How to use the command 'tesseract' (with examples)
Tesseract is a powerful and versatile open-source Optical Character Recognition (OCR) engine. It’s designed to recognize and convert different input images into machine-readable text. This command-line tool is particularly useful for tasks that involve digitizing printed or handwritten text so it can be edited or searched. Tesseract supports various languages, allows customization of page segmentation modes, and offers numerous functionalities, making it a preferred choice for OCR needs.
Use case 1: Recognize text in an image and save it to output.txt
Code:
tesseract image.png output
Motivation:
This use case is perfect for quickly extracting text from an image when you need it in a digital format. Imagine you have a scanned document or a photograph of a printed text that you want to edit or incorporate into a Word document or a spreadsheet. Using this command, you can easily extract the text without manually typing it out. This significantly saves time and reduces the possibility of human errors during transcription.
Explanation:
tesseract
: The command invokes the Tesseract OCR engine.image.png
: This is the input file name. You specify the path to the image from which you want to extract text.output
: This is the base name for the output text file. Tesseract will automatically add a.txt
extension, producing anoutput.txt
file containing the recognized text.
Example output:
After running the command, Tesseract will analyze ‘image.png’ and create ‘output.txt’, containing the text extracted from the image. If your image was a clear photograph of a printed page, the text in ‘output.txt’ should closely match the text in the image.
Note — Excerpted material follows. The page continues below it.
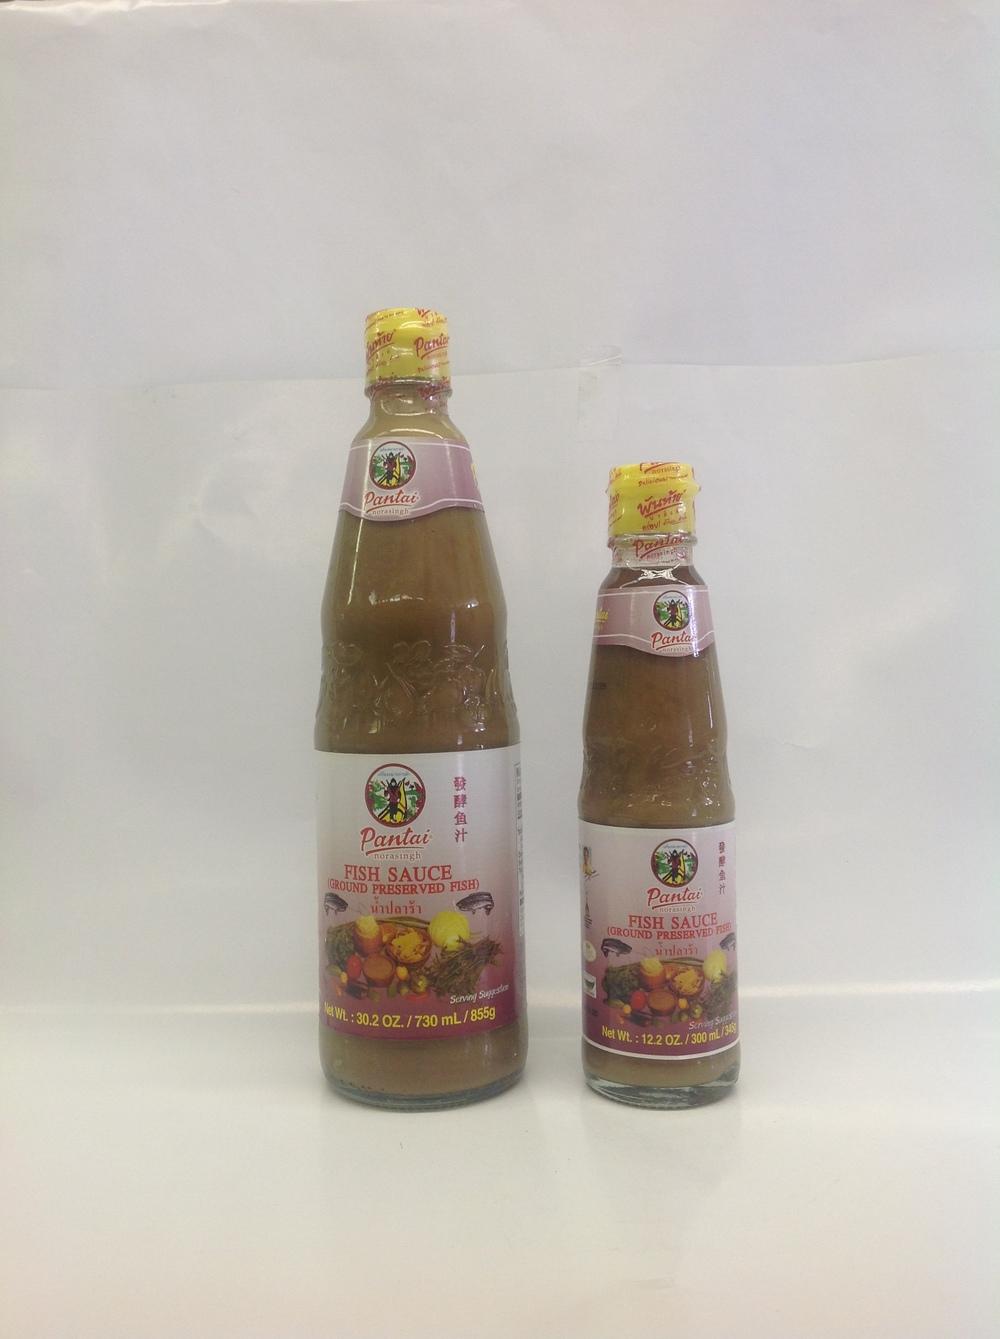 Mam Nem Fish Sauce   Pantai   SA15107 24x12.2 oz  SA15110 12x30.2 oz

Use case 2: Specify a custom language (default is English)
Code:
tesseract -l deu image.png output
Motivation:
Suppose you have a document written in a language other than English, such as German, and you want to perform OCR on it. By specifying the language, you inform Tesseract to use the proper language data files for accurate text recognition. This is particularly useful for multilingual projects or researchers dealing with international texts.
Explanation:
-l deu
: This option sets the language for OCR. ‘deu’ is the ISO 639-2 code for German, telling Tesseract to use German language data.image.png
: The input image file.output
: The base name for the text file output.
Example output:
The command generates ‘output.txt’ with the German text extracted from ‘image.png’, using German-specific language data for improved accuracy.
Use case 3: List the ISO 639-2 codes of available languages
Code:
tesseract --list-langs
Motivation:
You may need to know which languages are supported by your Tesseract installation, especially if working on a project involving multiple languages. This command provides a convenient way to check that the language you need is available, ensuring that your OCR tasks proceed without unnecessary interruptions or errors.
Explanation:
--list-langs
: This option instructs Tesseract to display a list of available language codes, representing different languages for OCR.
Example output:
Running this command will produce a list similar to:
eng
deu
fra
spa
...
Each code corresponds to a specific language, helping you choose the correct one for your OCR tasks.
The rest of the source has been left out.